Task requirements » After locating the line that contains "LOWA Ambassador, Sunny" in the records below, write out exactly that line and each line after it through the one that contains "VALSESIA FISHING CUP", and nothing else.

Records supplied »
----

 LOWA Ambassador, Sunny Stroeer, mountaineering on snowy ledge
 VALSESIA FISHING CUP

----

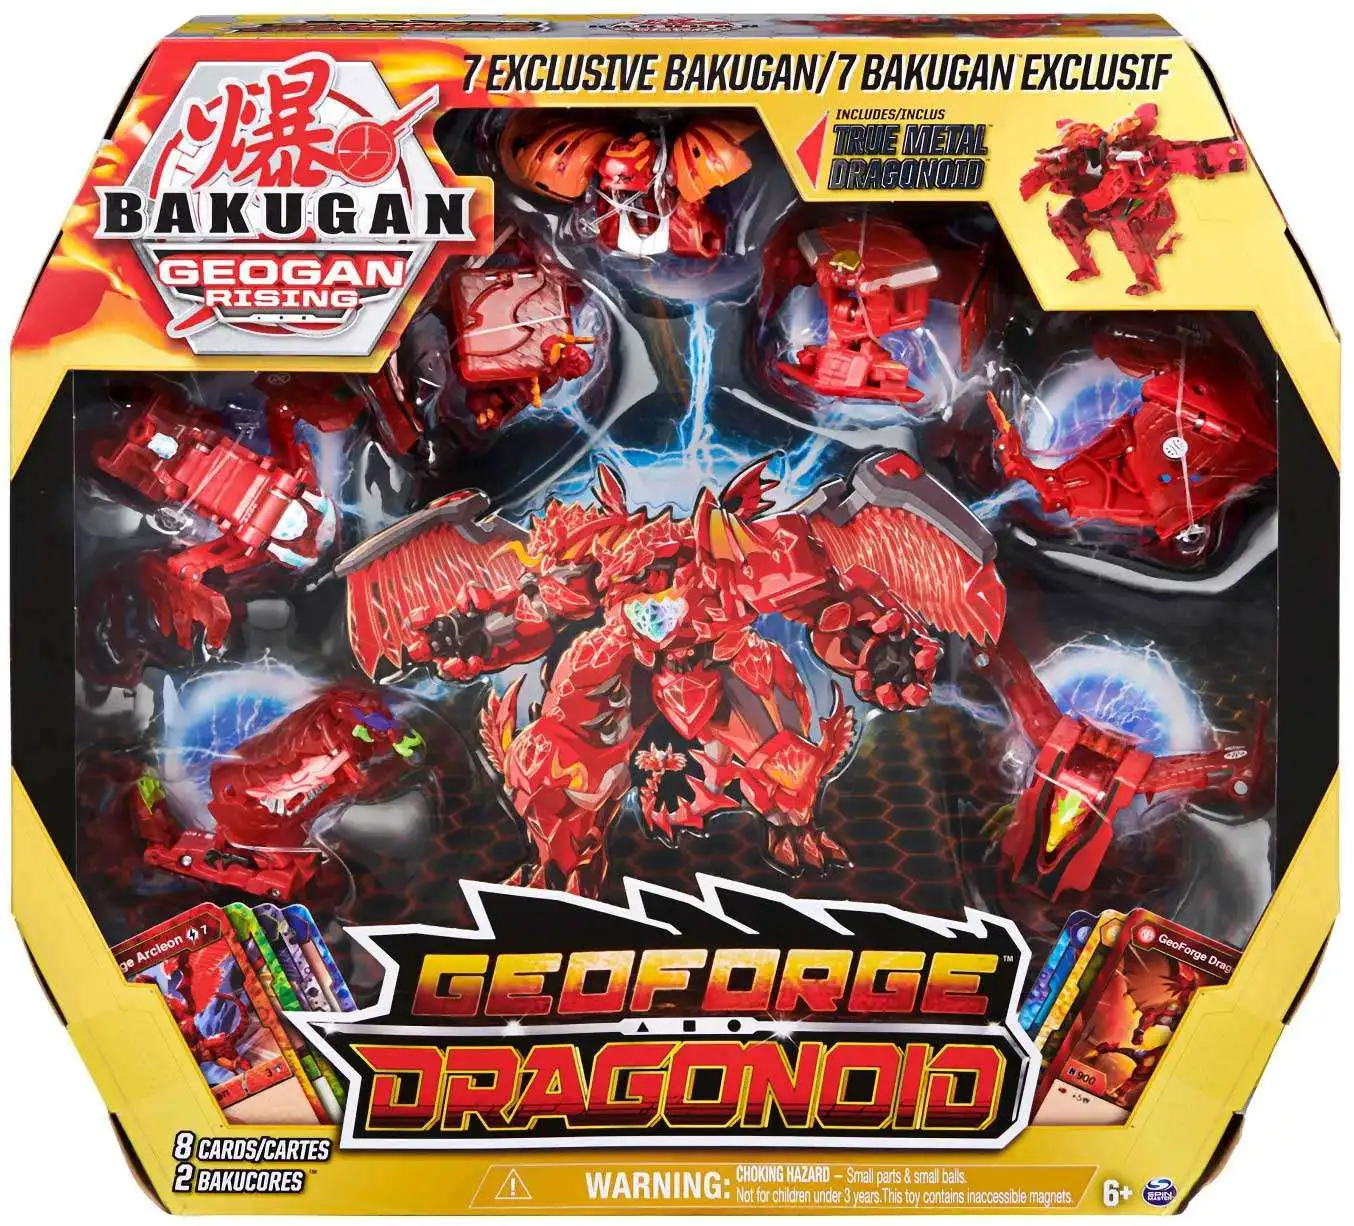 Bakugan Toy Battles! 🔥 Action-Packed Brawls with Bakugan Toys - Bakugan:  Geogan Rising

----

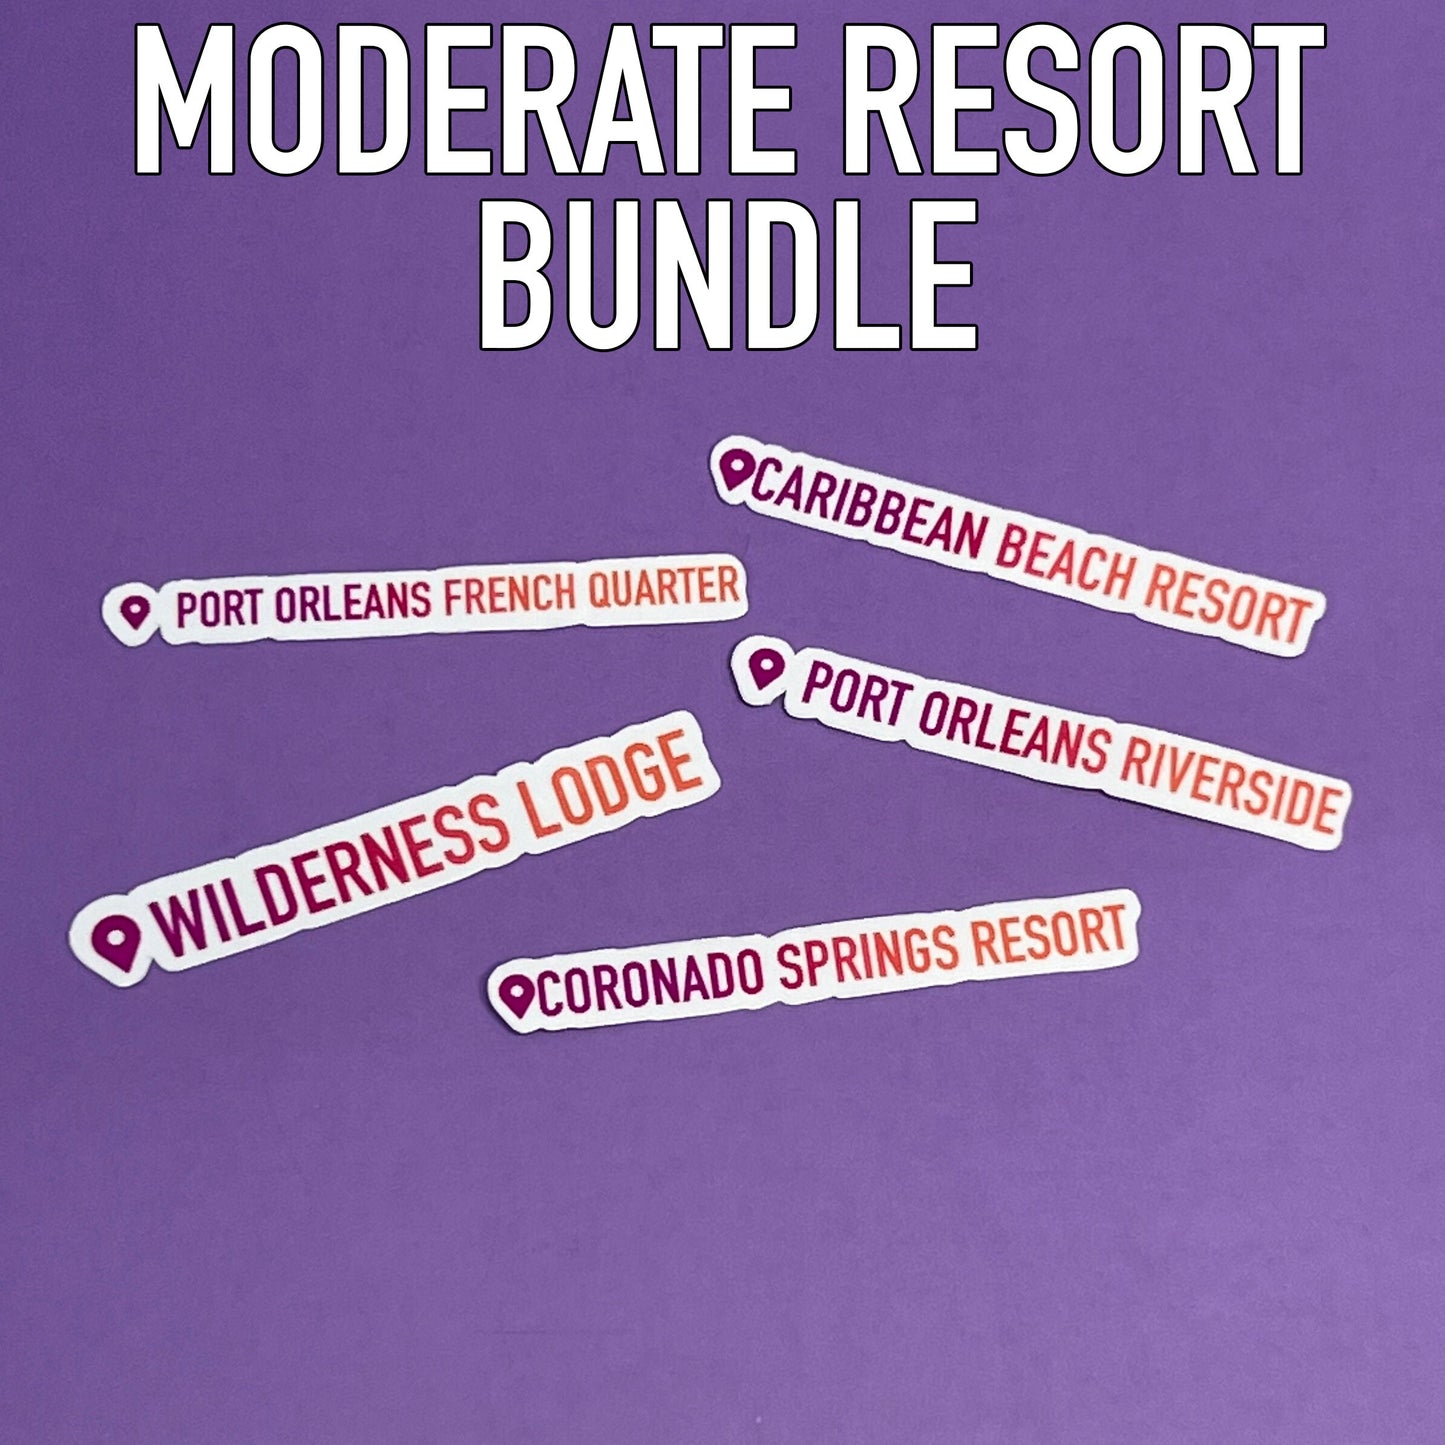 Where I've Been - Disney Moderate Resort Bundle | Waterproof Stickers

----

Worked solution »
 LOWA Ambassador, Sunny Stroeer, mountaineering on snowy ledge
 VALSESIA FISHING CUP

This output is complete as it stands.